Samarra, a Sunni-majority city 80 miles (125 kilometres) north of the capital and a former hotbed of Iraq's insurgency, houses a major Shiite mausoleum blown up by suspected Al-Qaeda forces in 2006.
Sadr, head of the Mahdi army, last month urged the faithful to restore a traditional pilgrimage halted since the 2003 US-led invasion and to pray at Samarra's golden-domed shrine to commemorate the death of the 11th imam, Hassan al-Askari, at his mausoleum.
The commemoration falls this year on March 6.
Iraqi television stations reported the gathering swelled to more than a million.
"About 800,000 pilgrims arrived in the city," said Samarra governor Hamad Homoud al-Shagti well before midday as crowds continued to pour in.
"The security situation is good and there have not been any security violations so far," he told reporters. "Iraqi forces are deployed along the roads."
"Iraqi and US air forces are hovering over the area" in helicopters, Shagti said.
Police Major General Rasheed Flayeh said cars had been banned from the city to prevent bombings.
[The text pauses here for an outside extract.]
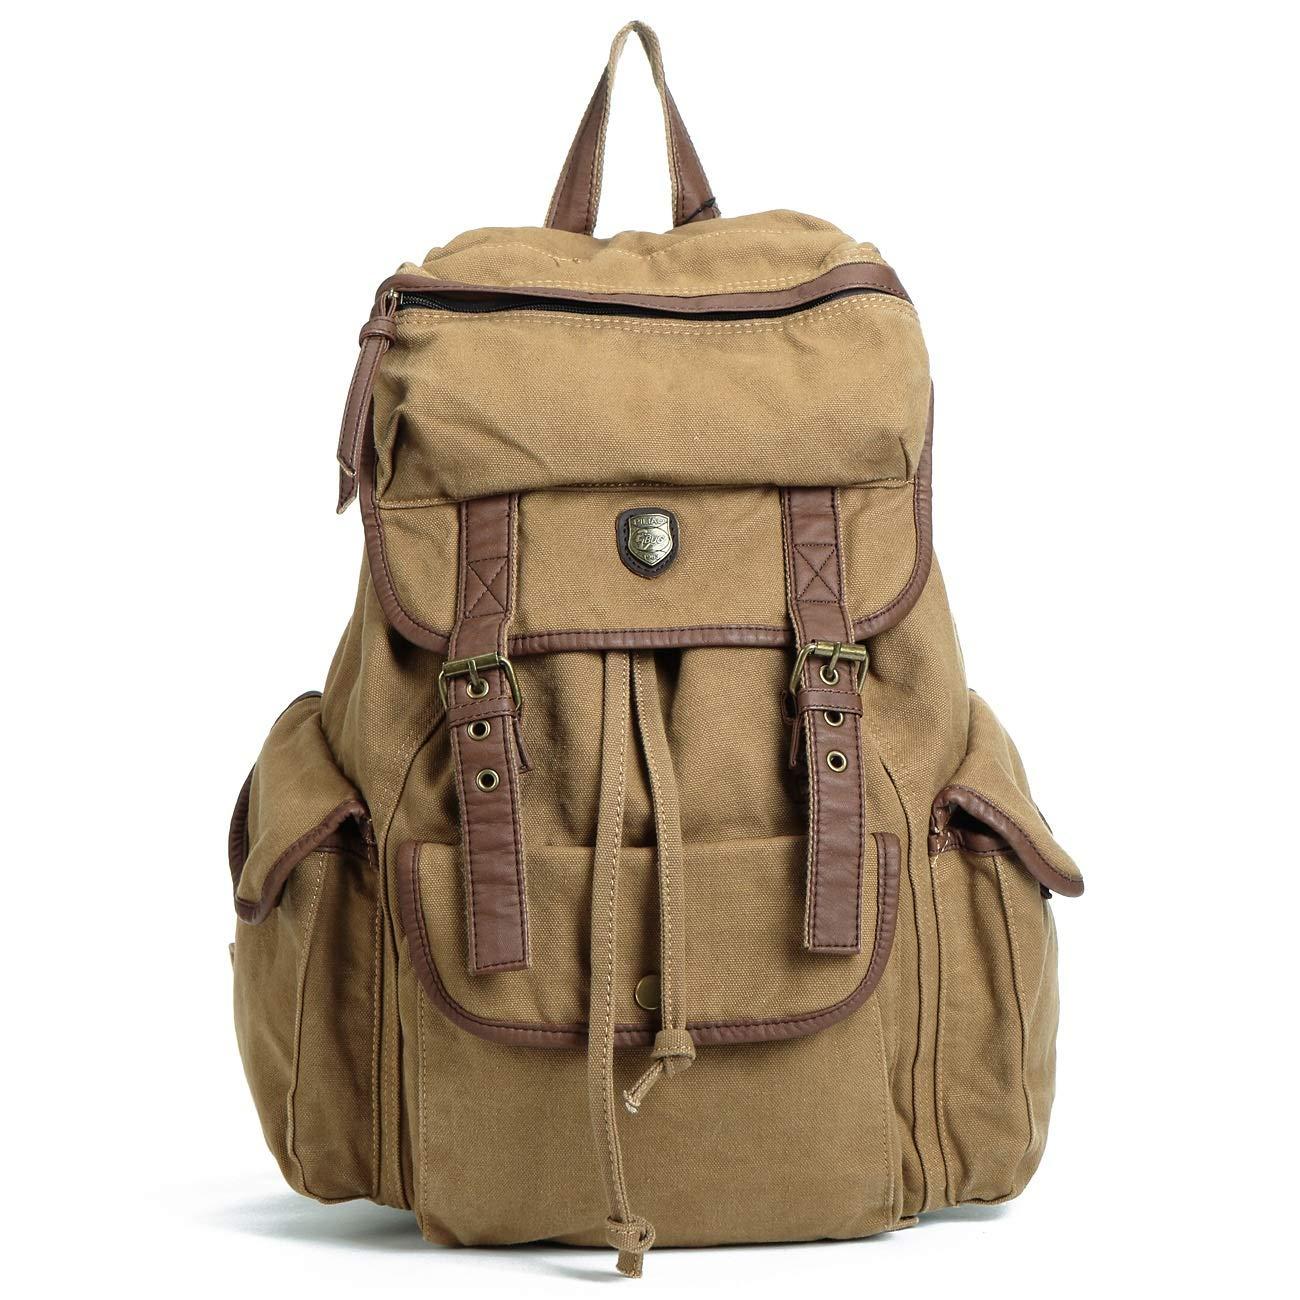 HE-bag Frauen-Segeltuch-Rucksack-Kursteilnehmer-Tasche im Freien großer Raum-Spielraum-Rucksack-Unisex beiläufiger Daypack (Farbe   2)

No serious incidents had been reported by mid-afternoon.
Tens of thousands of people died in violence sparked by the destruction three years ago by alleged al-Qaeda Sunni extremists of the dome of the revered Al-Askari mosque, built in 944. The golden dome was added in 1905.
Although security has improved in Iraq recently, dozens of Shiites were killed last month in bomb blasts as they headed into the holy city of Karbala, south of Baghdad, for a major religious ceremony.